Morrill states that there are two approaches to conflict management, confrontation and nonconfrontation. According to Morrill, “disputes begin when someone has a real or imagined grievance against someone or something else.” This is the “preconflict” or “grievance” stage. This stage has the opportunity to develop into open conflict. From the “preconflict” stage, confrontation can develop if talk or physical action develops between the two individuals. Nonconfrontation can develop if the two individuals express their grievances without direct communication or physical action.

Using Baumgartner’s studies of working and middle class conflict, Morrill tries to establish the anthropological origin of conflict management. He uses Baumgartner’s established social ties, “loose-knit” and “dense-knit” networks, to analyze the communication between individuals within conflicts or grievances. “Loose-knit” networks have sparse communication among the individuals and “dense-knit” networks have a high degree of communication.

Morrill uses two large businesses to analyze the customs of conflict management. These two companies, Independent Accounting and Playco, each have different customs of conflict management. Independent Accounting is a international audit firm with over twenty thousand employees. Playco is a manufacturing firm that produces electronic learning aids, computers and children’s toys. Playco has over thirty-five thousand employees and forty-three executives. The executives at each firm were asked a series of questions concerning friends, relations, social ties, and conflicts or problems. The data were analyzed by comparing density measures of executive networks across the firms. Then ethnographic data were collected from the executives at both firms on practices and beliefs about conflict management.

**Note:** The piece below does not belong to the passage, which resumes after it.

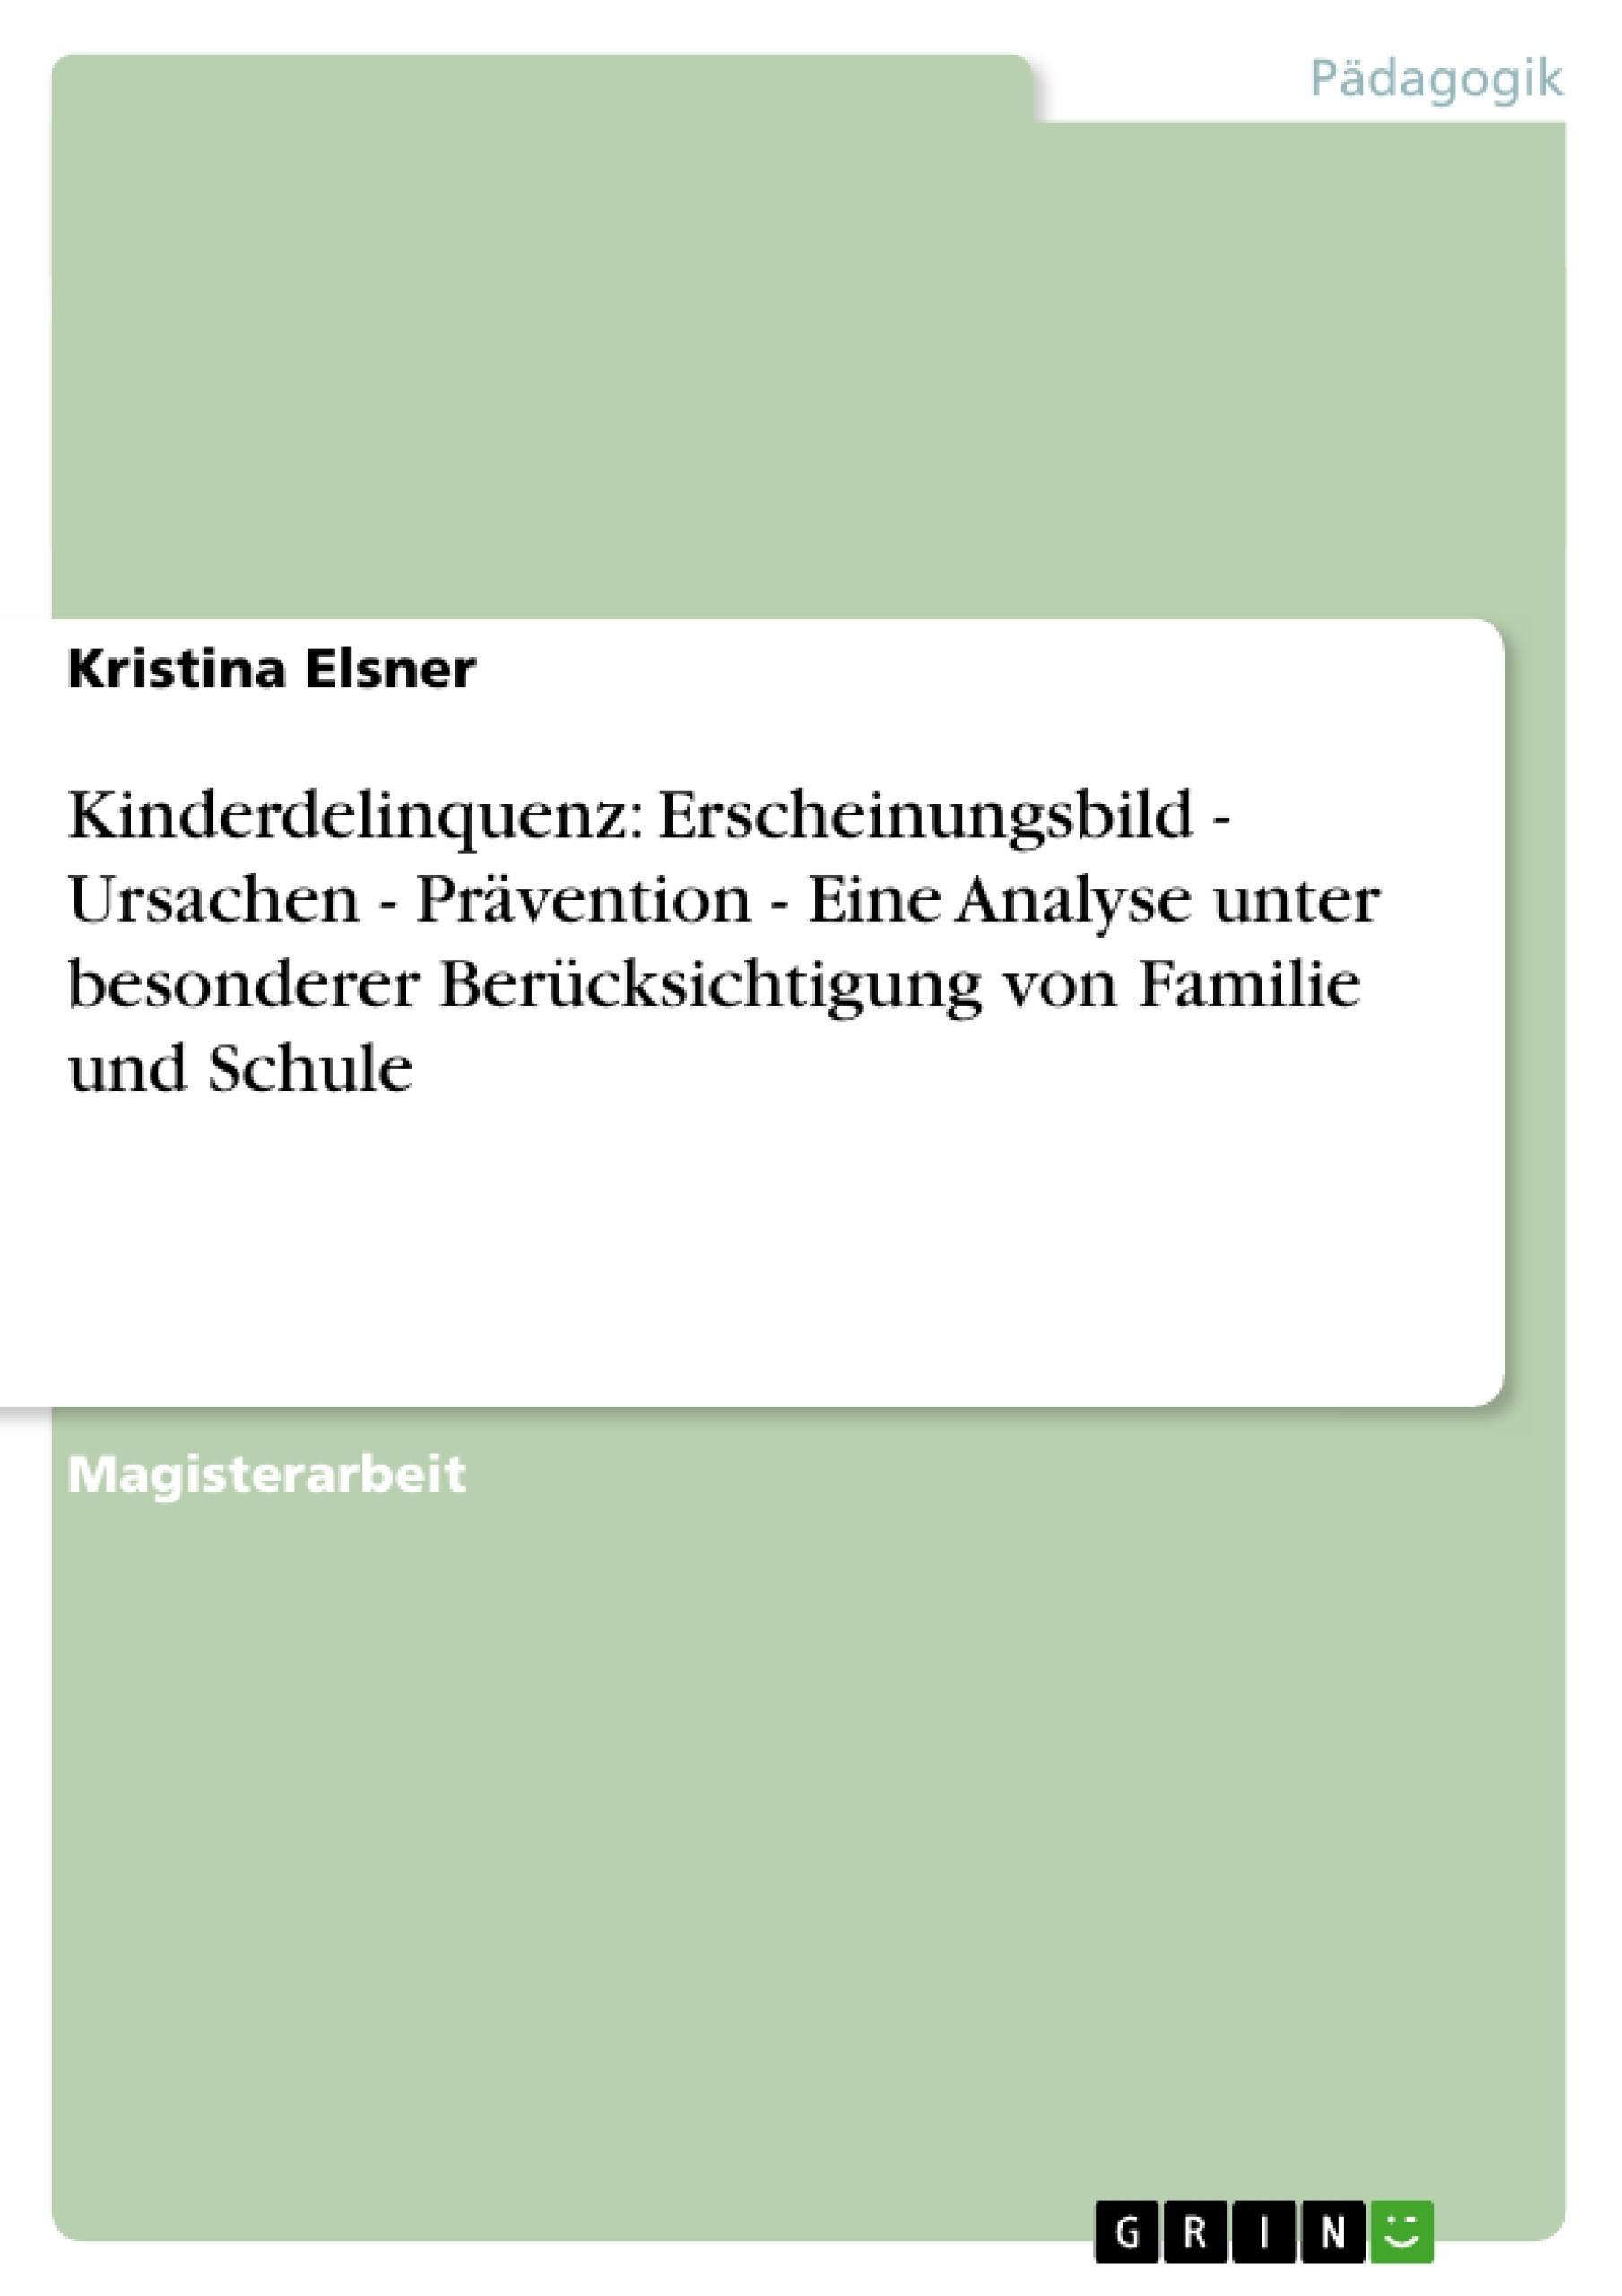 Titel: Kinderdelinquenz: Erscheinungsbild - Ursachen - Prävention - Eine Analyse unter besonderer Berücksichtigung von Familie und Schule
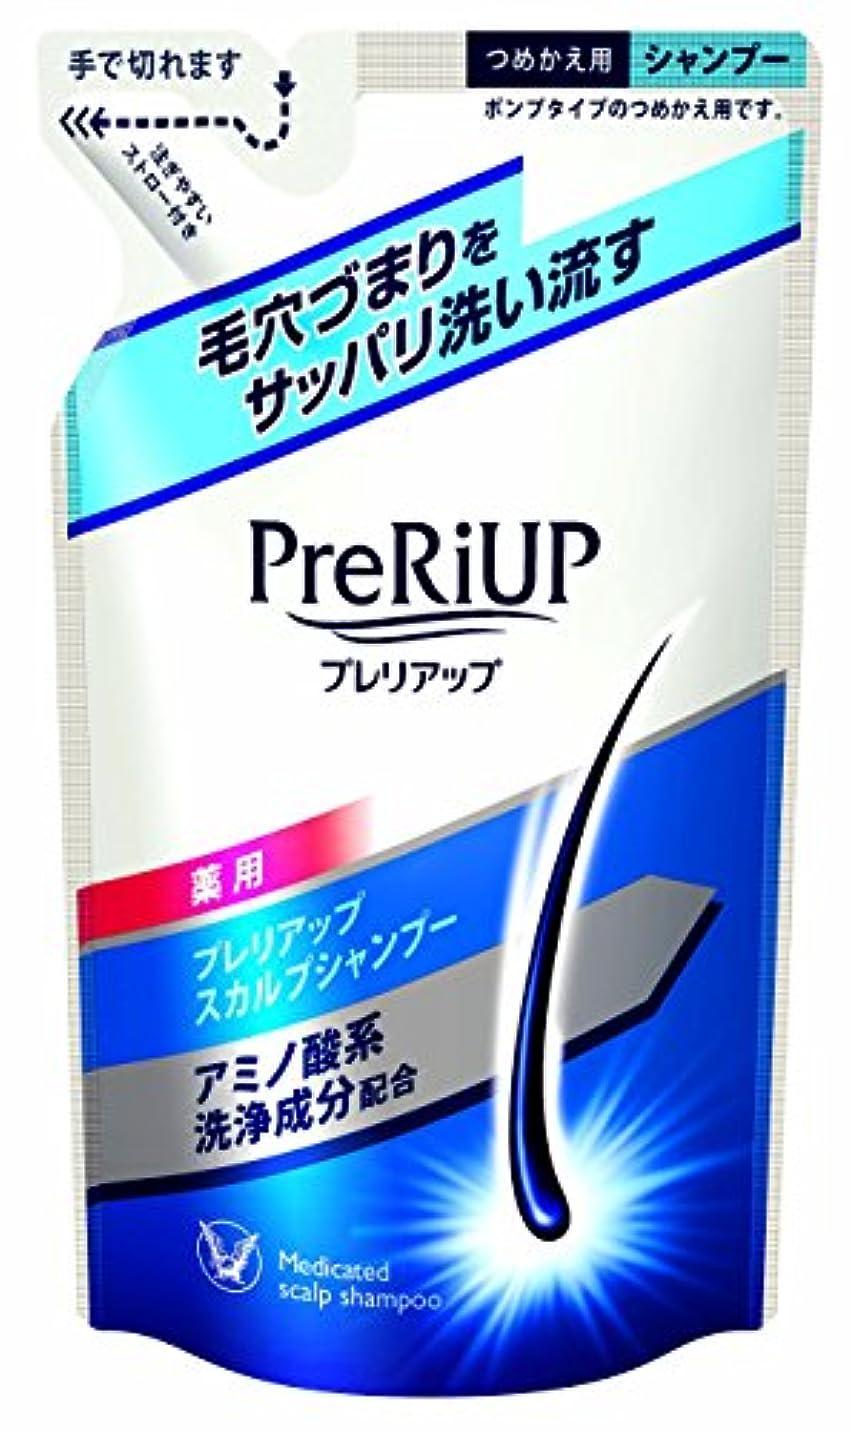 大正製薬 プレリアップスカルプシャンプー(つめかえ用)350mL

At the end of Morrill’s research , he concluded that his hypothesis was correct. Executives in “loose-knit” networks tend to settle grievances nonconfrontationally, while executives in “dense-knit” networks tend to settle grievances by confronting each person involved, with their grievances. Morrill also concludes that executives at Playco have the greatest social distance from each other and are highly likely to avoid conflict.

CLARITY: 3
LAWRENCE ANTHONY MEADE UNC Charlotte (Gregory Starrett)

Pauketat, Timothy and Emerson, Thomas. The Ideology of Authority and the Power of the Pot. American Anthropologist 1991:919-.

The Ramey Incised jar or vessel and its role in Mississippian chiefdom society are the subjects of this essay. Mississippian culture, with its center at Cahokia, was dominant in the “American Bottom” region of the country during the 11th and 12th centuries AD. This cultural tradition had a very visible and recognizable set of motifs associated with Mississippian religious activity. Since the religious authority and secular authority are often combined in New World cultures, it is assumed that the economic and political elite was also the religious elite. The ruling elite had to have some communication in their relationship with the subordinated groups, in order to define their relationships with each other. It proposed in this essay that the pottery was a kind of propaganda for the elites.

According to Pauketat and Emerson, an elite ideology that placed control over the cosmos in the control of the chiefs was represented by the Ramey Incised ware.

The Ramey Incised pottery itself and its possible everyday usage are very interesting. The pots are semi-globular vessels with pronounced shoulders, in-slanted rims, and constricted mouths. From the location of and motifs present on Ramey Incised pots, it is believed that the vessels were used for “ritual medicines and food”. From the large variability of size that can occur in Ramey Incised ware, there were probably different purposes for the different sized pots. One cannot serve a feast out of an 8×10 cm jar. But, through the motifs present on the jars, they can have additional meaning. The pottery itself is believed to be physically representative of the Upper and Lower Worlds present in most pre-Colombian North American cosmologies. The actual designs include the “weeping eye”, ‘nested diamonds’, diagonal lines, “blade”, “ladder” and other motifs. These are thought to symbolize Thunderbirds, “falconoid characteristics”, the sun and moon, and other aspects important in Mississippian cosmology. According to this essay, it is also possible that the motifs also symbolize the order of the cosmos. This means that the actual pottery was a manifestation of the ruling elites power. The paper states, “…few family potters, using basically the same clay and techniques, could have produced all of the Ramey Incised (pottery)”. According to this essay, the pottery itself probably had ritual significance, and the pots themselves are easily recognizable from a distance. The motifs present on the jars were part of a cosmology that probably touted the superiority of the elites and emphasized the subordinated people’s place in the universe. This is pretty standard propaganda for all organized hierarchies; the ruling elites are meant, by the god(s), to be in power and ‘this pot right here’ says so.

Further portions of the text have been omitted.